TSE condena vereador de MG por chamar colega de "vagabunda"

Fachada do TSE | Foto: Marcelo Camargo/Agência Brasil
TSE condena vereador de MG a 1 ano e 6 meses de reclusão por chamar colega de "safada" e "vagabunda" em praça pública
O Tribunal Superior Eleitoral (TSE) condenou o vereador de Medina, município do interior de Minas Gerais, Ailson Batista de Figueiredo (MDB) por violência política de gênero contra a vereadora Tatyana Figueiredo Navarro (Republicanos). O parlamentar proferiu ofensas como "safada" e "vagabunda" contra a colega durante um discurso em praça pública, após as eleições municipais de 2024. A decisão do TSE foi unânime e fixou a pena em 1 ano e 6 meses de reclusão, além de 60 dias-multa e indenização de R$ 20 mil. A Corte também determinou a suspensão dos direitos políticos de Ailson e declarou sua inelegibilidade por oito anos.

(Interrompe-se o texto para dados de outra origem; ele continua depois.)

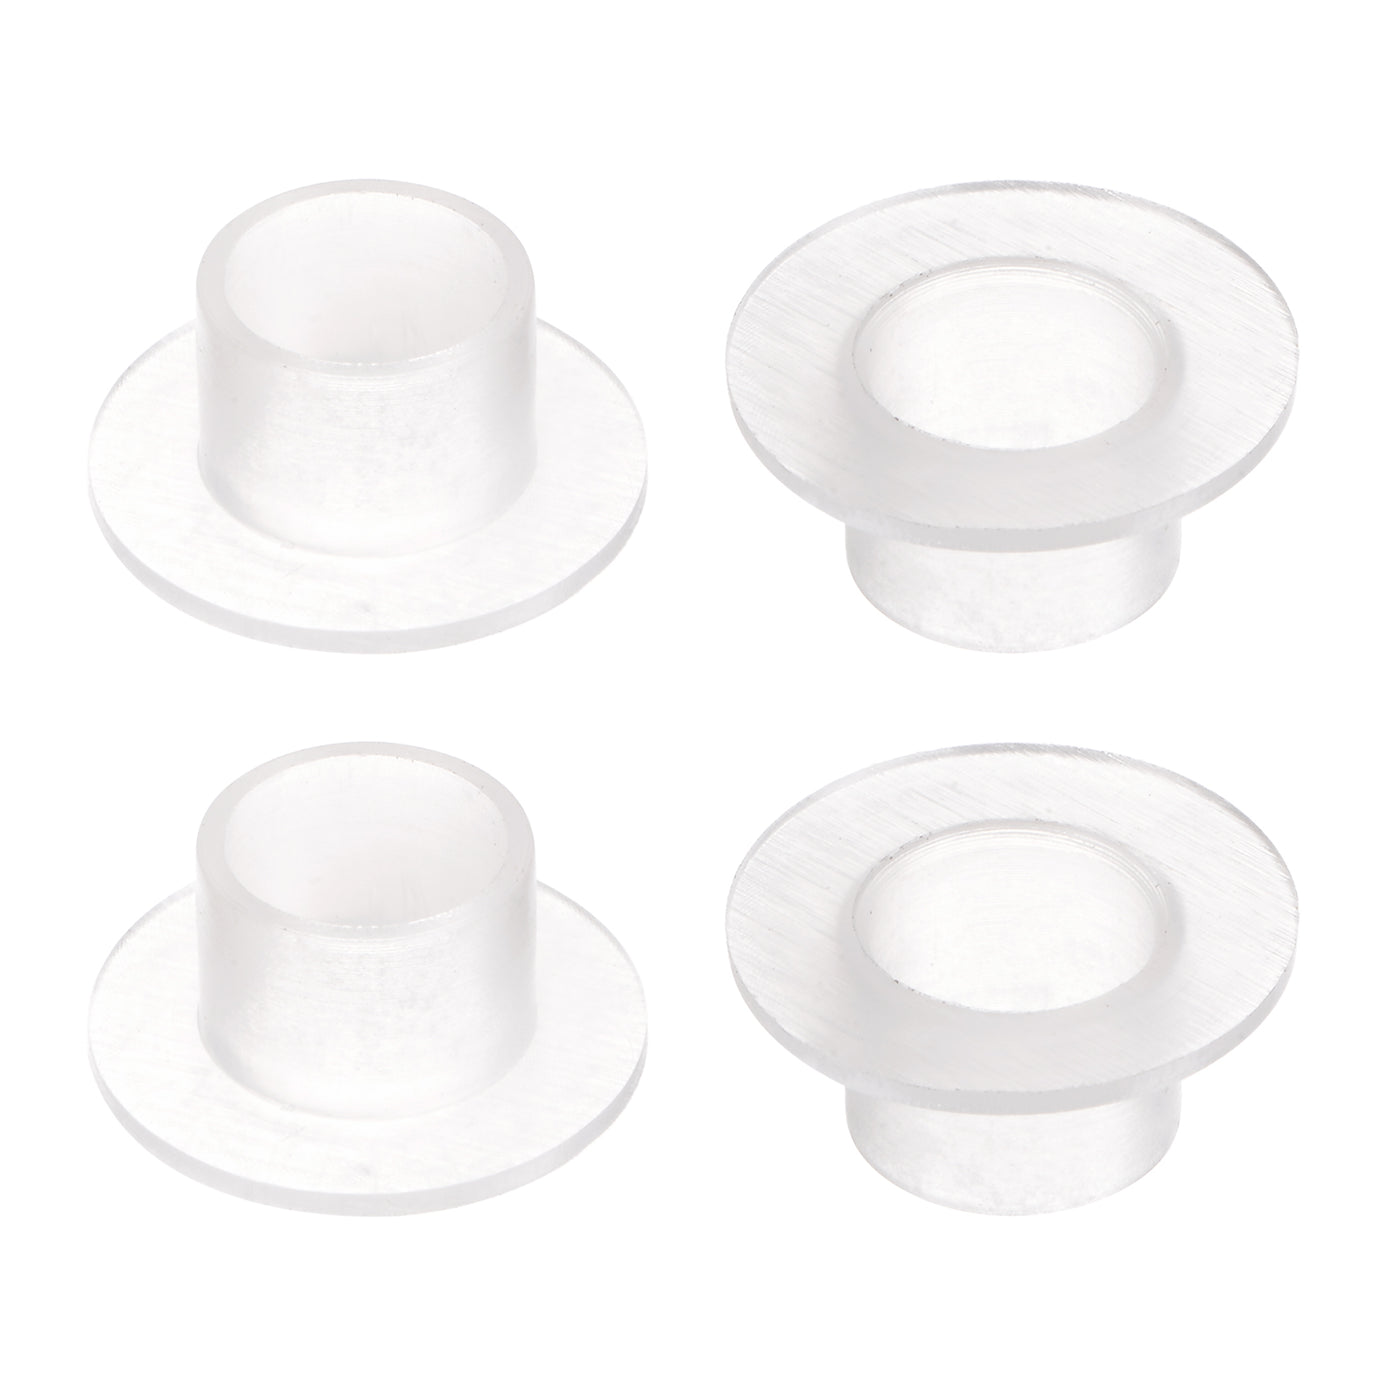 uxcell Uxcell 4pcs Flanged Sleeve Bearings 10.05mm ID 12.02mm OD 9.1mm L, Nylon Bushing White

O episódio aconteceu em 6 de outubro de 2024, logo após a divulgação dos resultados das eleições municipais. Ailson, que havia sido reeleito vereador, participava de uma comemoração na Praça Max Machado, em Medina, quando passou a dirigir insultos contra Tatyana, recém-eleita para a Câmara Municipal e ex-secretária de Saúde da cidade. Além de chamá-la de "vagabunda" e "safada", o vereador fez comentários sobre o corpo dela e também dirigiu ofensas à irmã da vereadora. Em primeira instância, Ailson havia sido condenado. O Tribunal Regional Eleitoral de Minas Gerais (TRE-MG), no entanto, acolheu recurso da defesa e o absolveu, sob o entendimento de que não havia provas suficientes de que as ofensas tivessem o objetivo de impedir ou dificultar o exercício do mandato por razões de gênero, entre outros pontos considerados no julgamento. Esse entendimento foi revertido pelo TSE.
O relator do caso, ministro Dias Toffoli, afirmou que as circunstâncias demonstravam que as agressões estavam diretamente relacionadas à condição de mulher da vereadora. "Será que esse recorrido diria isso de um vereador homem? Ele o fez porque era uma mulher. Justamente pelo fato de meninas e mulheres terem nascido meninas e mulheres é que são atacadas e, mais, assassinadas", declarou Toffoli. Segundo o relator, casos de violência política de gênero precisam ser analisados levando em consideração todo o contexto, incluindo as palavras empregadas, a situação política e a condição da vítima. "Na verdade, o dolo aqui já é intrínseco. É praticamente um crime de conduta. Ele o fez porque a candidata ganhou uma eleição. É importante que os tribunais regionais eleitorais passem a ter a dimensão de que esse dispositivo não veio aqui para "inglês ver"; ele veio para ter efetividade", afirmou.
Após a decisão do TSE, Tatyana publicou uma manifestação nas redes sociais sobre as agressões sofridas. "Não somos o que um agressor tentou nos chamar. Somos mulheres que decidiram não se calar", escreveu a vereadora. Ela afirmou ainda que os insultos proferidos em praça pública não definem as vítimas, mas revelam uma violência enfrentada por outras mulheres. "Transformamos a agressão em coragem, voz e luta. E seguimos firmes para que outras mulheres não precisem passar pelo que nós passamos. Nossa luta não é apenas por nós. É por todas", declarou. A condenação de Ailson pelo TSE representa um marco no combate à violência política de gênero no Brasil, reafirmando que ofensas direcionadas a mulheres no exercício de mandatos públicos têm consequências jurídicas concretas.